4.3. Consensus versus hub

Hubs are nodes with a high degree centrality in a network. The respective proteins are promising candidates as starting points for directed evolution experiments in biotechnology, because they are highly connected to extant proteins and thus are expected to have a high functional robustness toward possible deleterious effects of mutations [22,33]. In the AS-PMH family, hub sequences resemble back-to-consensus sequences as indicated by the correlation between the degree centrality of a node and the sequence identity to the consensus sequence of a protein family. Whereas both the AS and PMH clade show a correlation between clustering and degree centrality, degree centrality seems to play a more pronounced role in the AS clade (figure 3; electronic supplementary material, figures S12 and S13), which might indicate that AS sequences more closely resemble hubs than PMH sequences. Younger ancestors appearing more similar to the consensus sequences initially appears counterintuitive. However, the consensus sequences were derived from known extant sequences. As individual sequences acquire mutations and duplications occur, the consensus sequence of a protein family likewise changes.
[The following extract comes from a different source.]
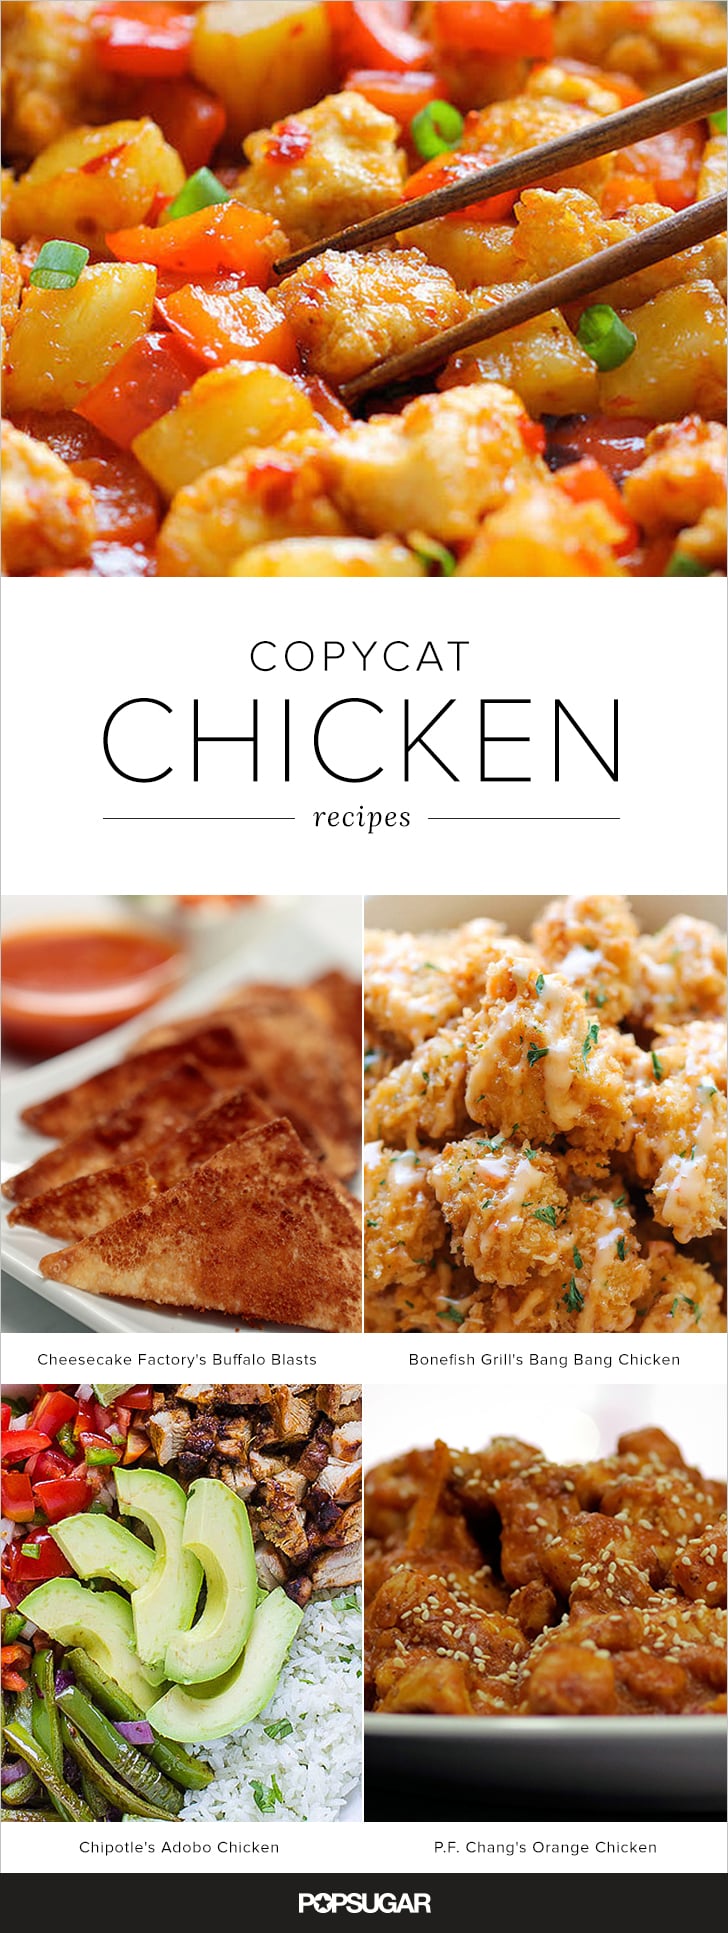 Restaurant Copycat Chicken Recipes

Therefore, if younger ancestors resemble extant hub sequences, deeper ancestors may be interpreted as a hub in ancestral sequence space, even though appearing less connected in extant sequence space.

Thus, mutants resulting from back-to-consensus mutations can be interpreted as nodes with an increased degree centrality in a network, and the success of back-to-consensus design in protein evolution can be explained by increased robustness towards introduced amino acid substitutions [62–64]. Because not all back-to-consensus mutations are stabilizing [64], extant hub sequences could serve as a natural reservoir of ‘consensus-like’ sequences as promising starting points for protein design strategies.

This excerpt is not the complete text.